川崎氏は「我々が目指している日本の姿は、人口が減っても成長する日本。グローバルでもしっかりと戦っていける日本をつくるというのが政府の大きな方針」と述べ、その実現に向けてブロックチェーンやAIなど、あらゆるテクノロジーを活用していく考えを示した。

そのうえで、「Web3という単語に固執することなく、さまざまなテクノロジーを使って、日本を発展させていきたいと思っている」と語り、政策の軸足が後退したわけではないと強調した。

「ビジョン」と「実装」を分担する新体制

さらに川崎氏は、「これまで、日本のWeb3政策を引っ張ってきたのは自民党」と整理し、自民党が立ち上げた新しいプロジェクトチームについて、それぞれの役割を説明した。

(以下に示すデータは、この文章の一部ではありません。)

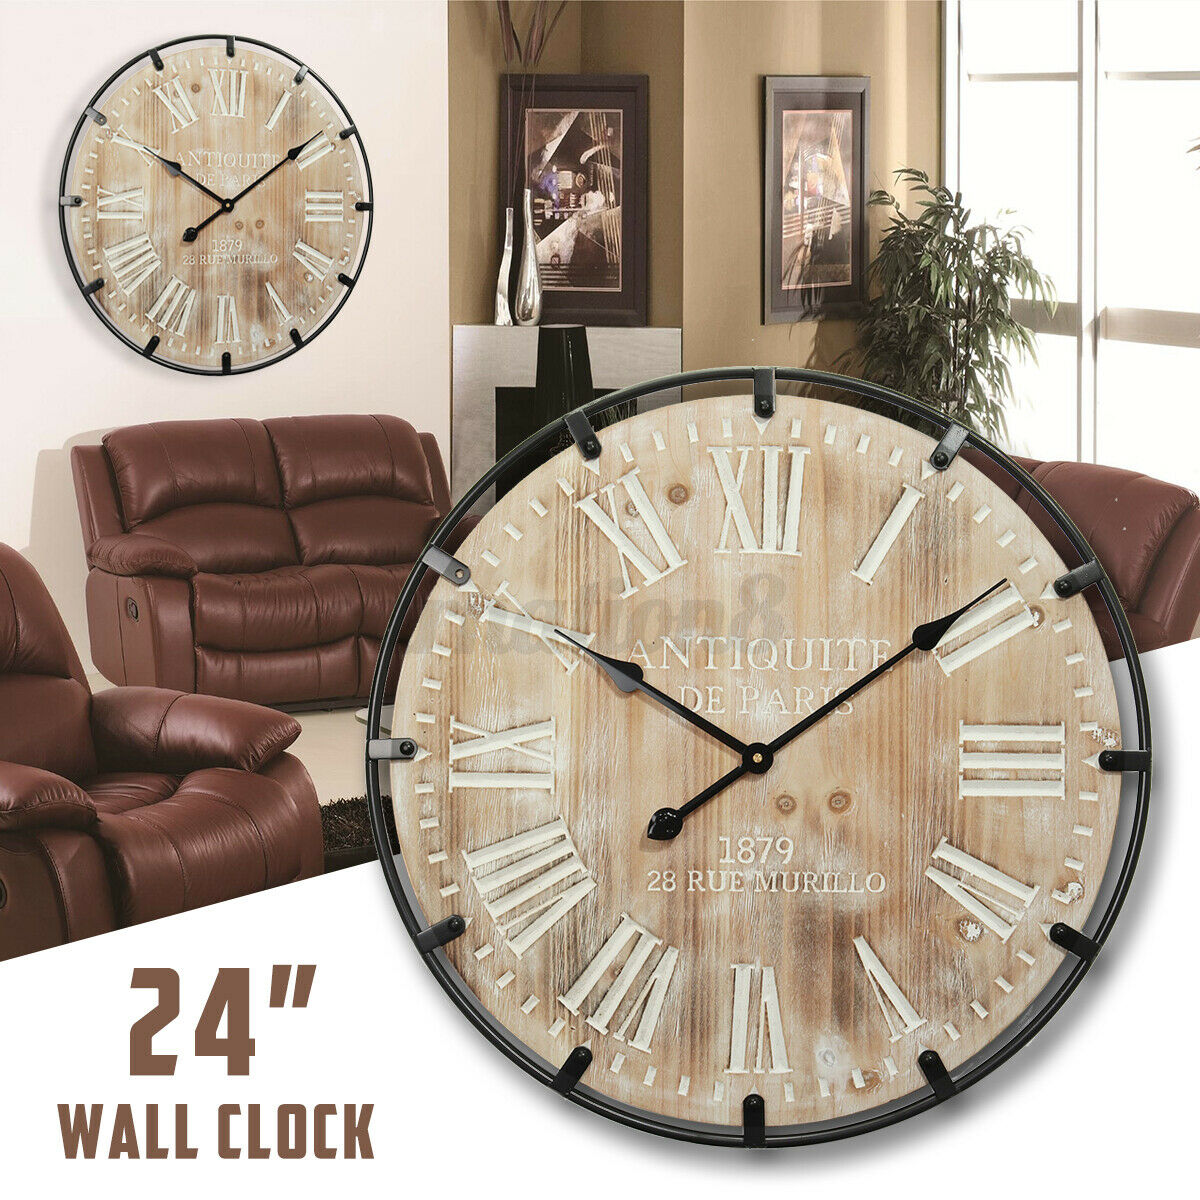 47cm//60cm Large Retro Black Iron Art Hollow Wall Clock Roman Numerals Home Decor

現在、自民党には、本領域に関連して以下の組織が設置されている。

デジタル社会推進本部のもとに、
・AI Web3小委員会
・次世代AI・オンチェーン金融構想PT

金融調査会のもとに、
・決済・イノベーション推進PT

特に2つのPTは、新設されたばかりだ。すでに「AI Web3小委員会」が存在しているのに、なぜ2つのPTが新設されたのか。川崎氏は「世界と比較したときの危機感」をあげた。

そして、それぞれの役割を以下のように整理した。

・AI Web3小委員会:AIやブロックチェーンの社会実装に向けた大きな枠組みの検討

・次世代AI・オンチェーン金融構想PT:金融に特化し、次世代の金融システムの姿を描く

・決済・イノベーション推進PT:制度面、特に法改正を通じた実装を推進

なお、自民党のウェブサイトにも、2つのPTについて説明が掲載されている。

▶参考記事:日本発の次世代金融モデルを世界に 決済システム・金融制度×AI・ブロックチェーン両輪でPT新設

大きな未来、ビジョンを描くのが「次世代AI・オンチェーン金融構想PT」であり、より実務的に社会実装を推進するのが「決済・イノベーション推進PT」と川崎氏は説明し、次のように結んだ。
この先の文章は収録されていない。